[Records drawn from a dataset]
BEGIN
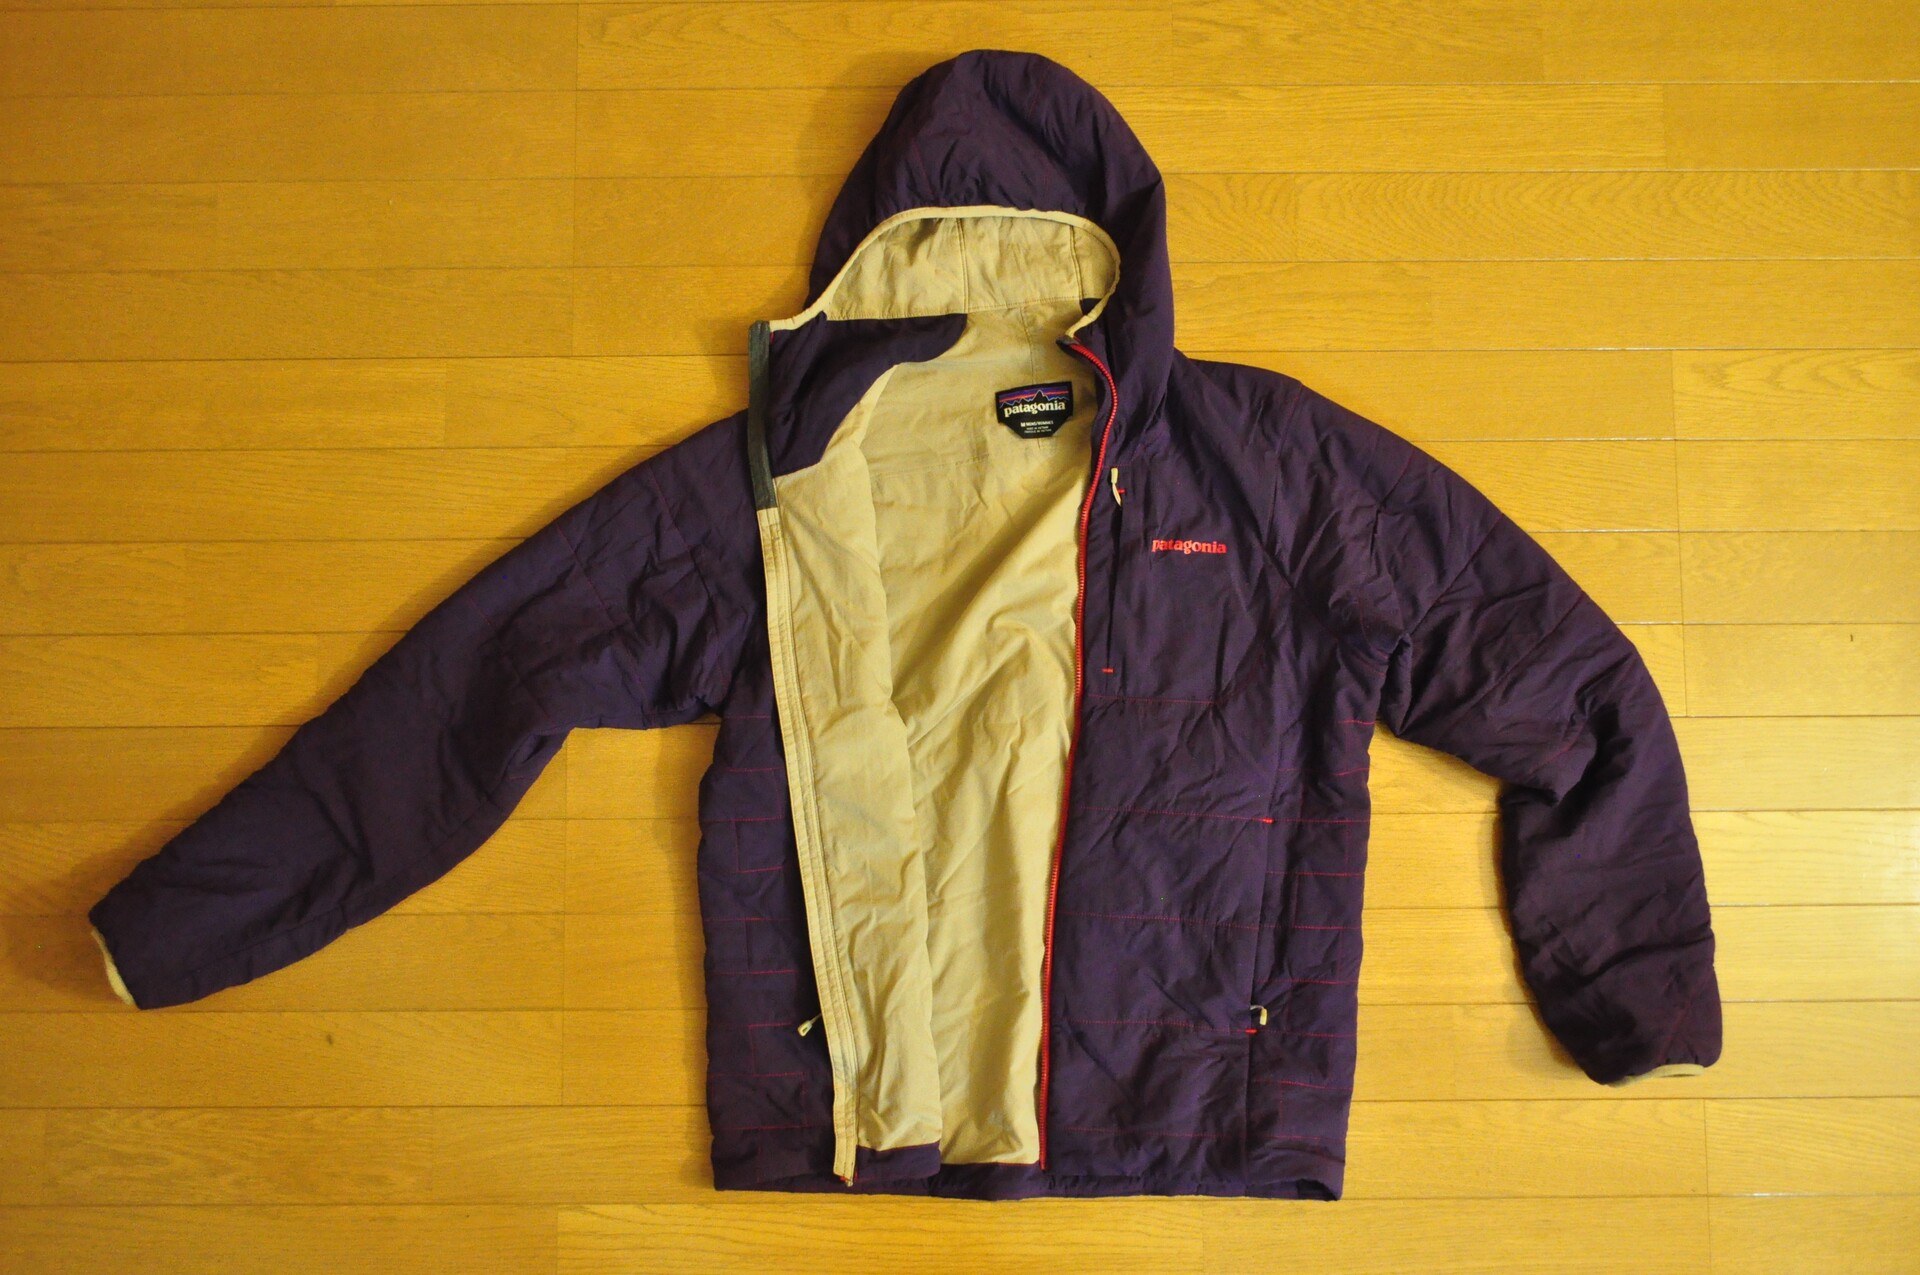 An overhead product shot of a lightweight purple insulating jacket
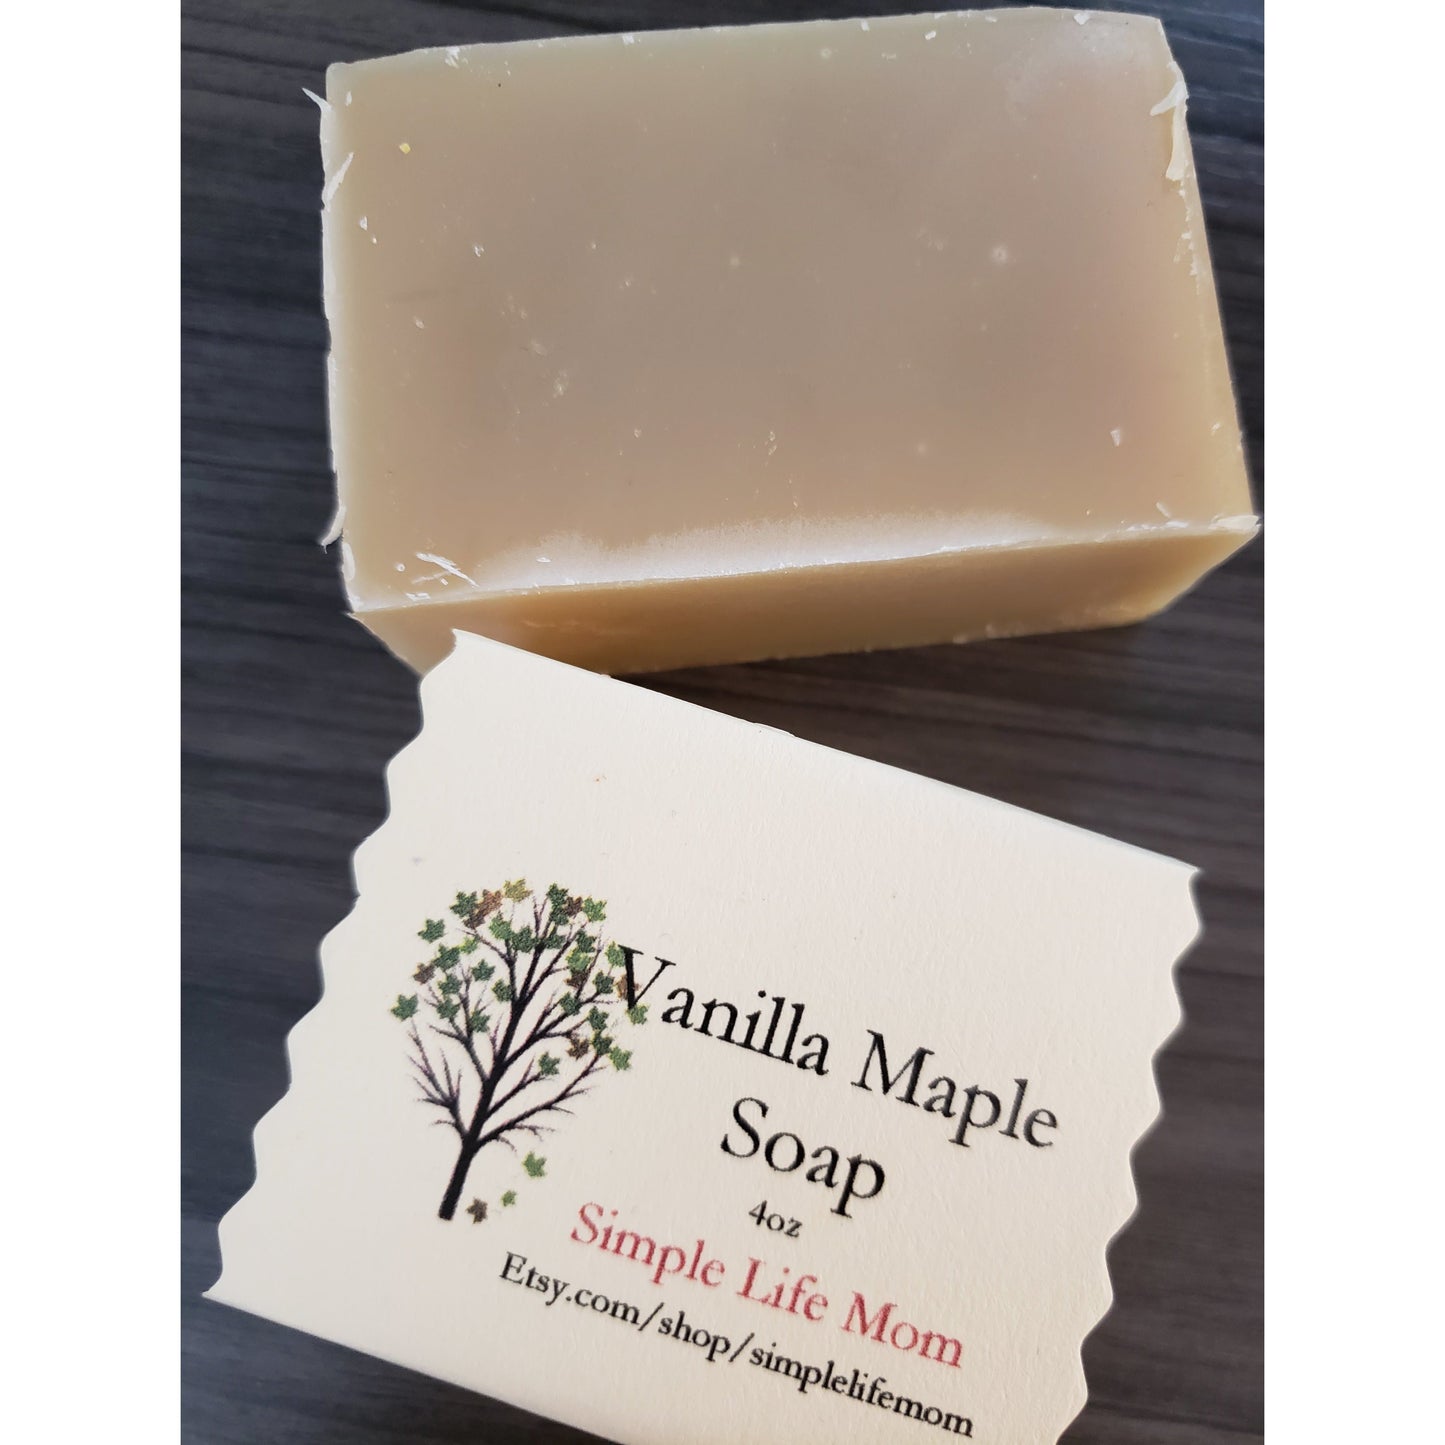 Vanilla Maple Soap
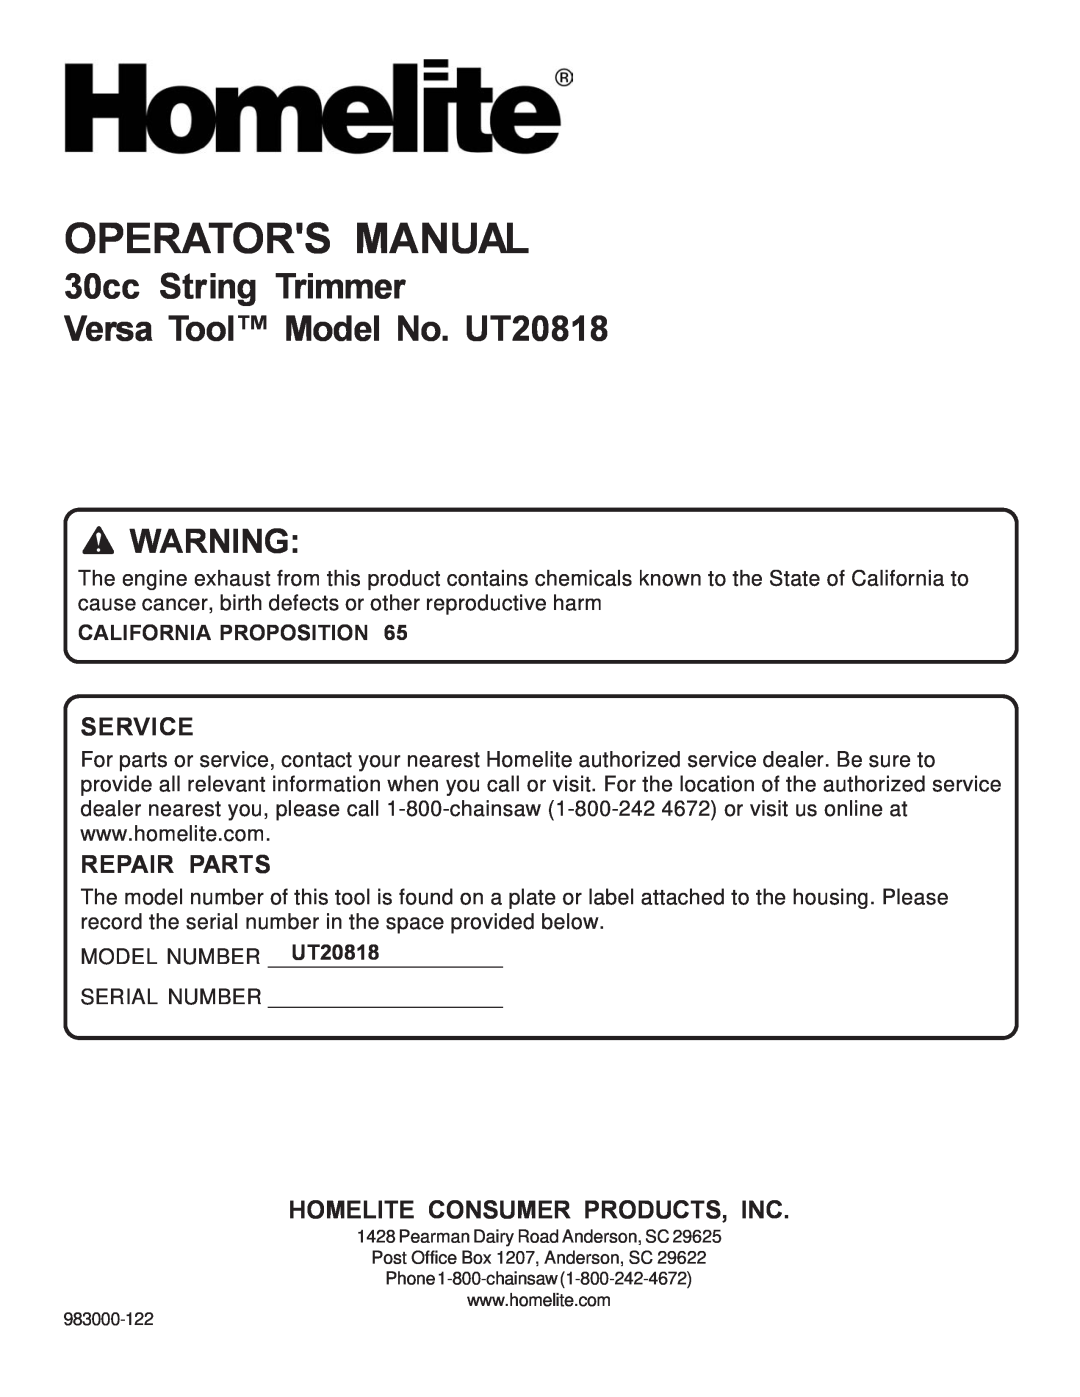 Homelite UT20818 manual Service, Repair Parts, Homelite Consumer Products, Inc, California Proposition, Operators Manual 
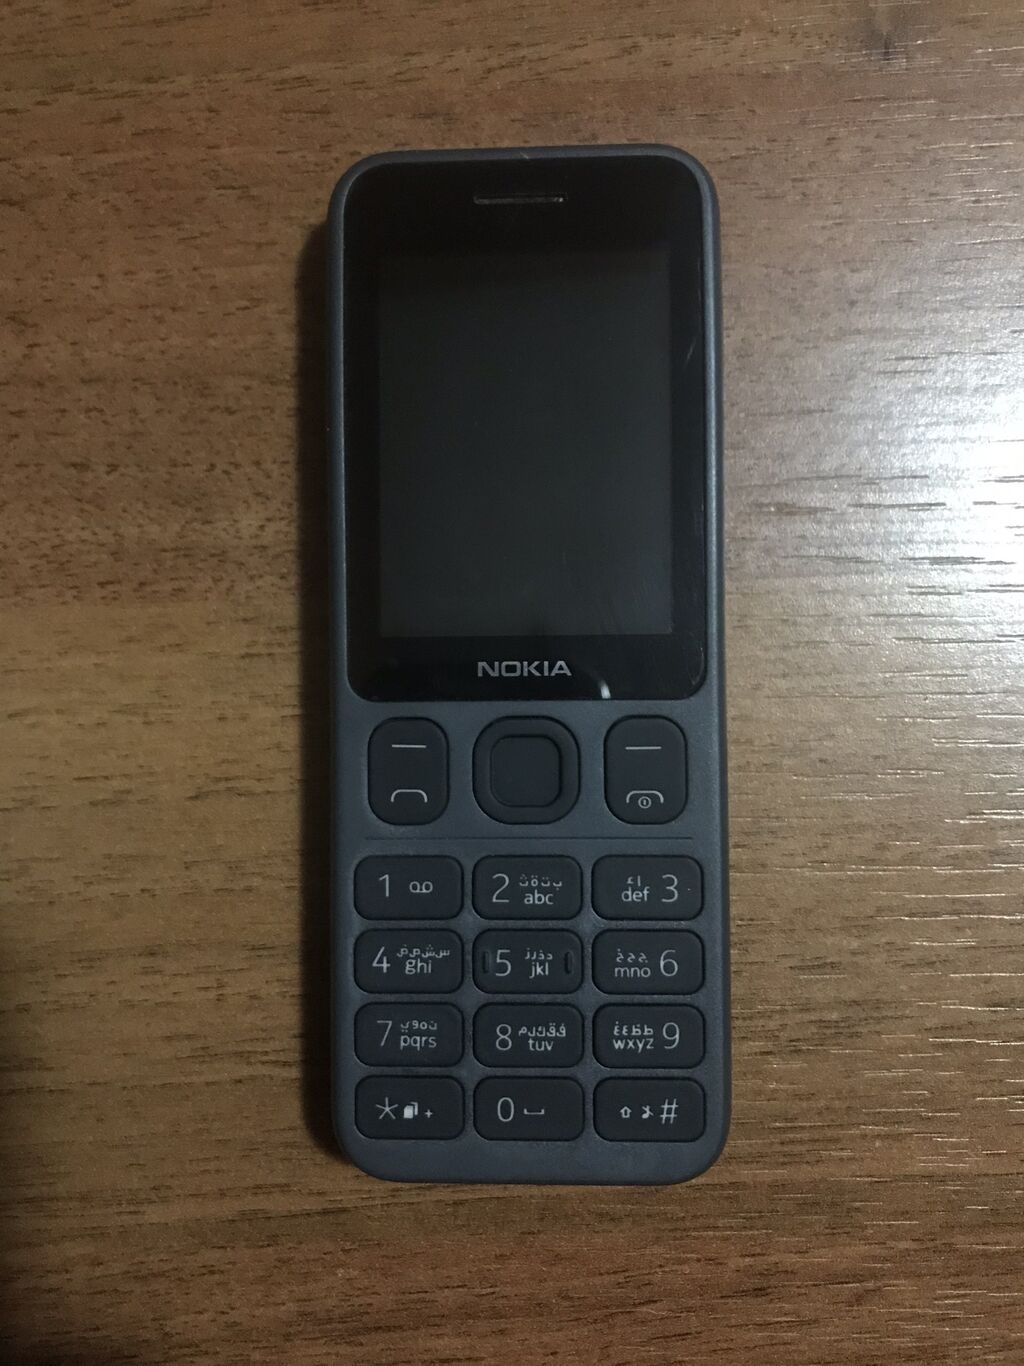 Nokia: Nokia 125 .Tezedeir. Son qiymetdi
Bakcell nömre ile işleyir — 1
END
[Your task]: Please copy out each line above exactly as written, but not the pictures.

[Exercise solution]:
 An overhead product shot of a lightweight purple insulating jacket
 Vanilla Maple Soap
 Homelite UT20818 manual Service, Repair Parts, Homelite Consumer Products, Inc, California Proposition, Operators Manual 
 Nokia: Nokia 125 .Tezedeir. Son qiymetdi
Bakcell nömre ile işleyir — 1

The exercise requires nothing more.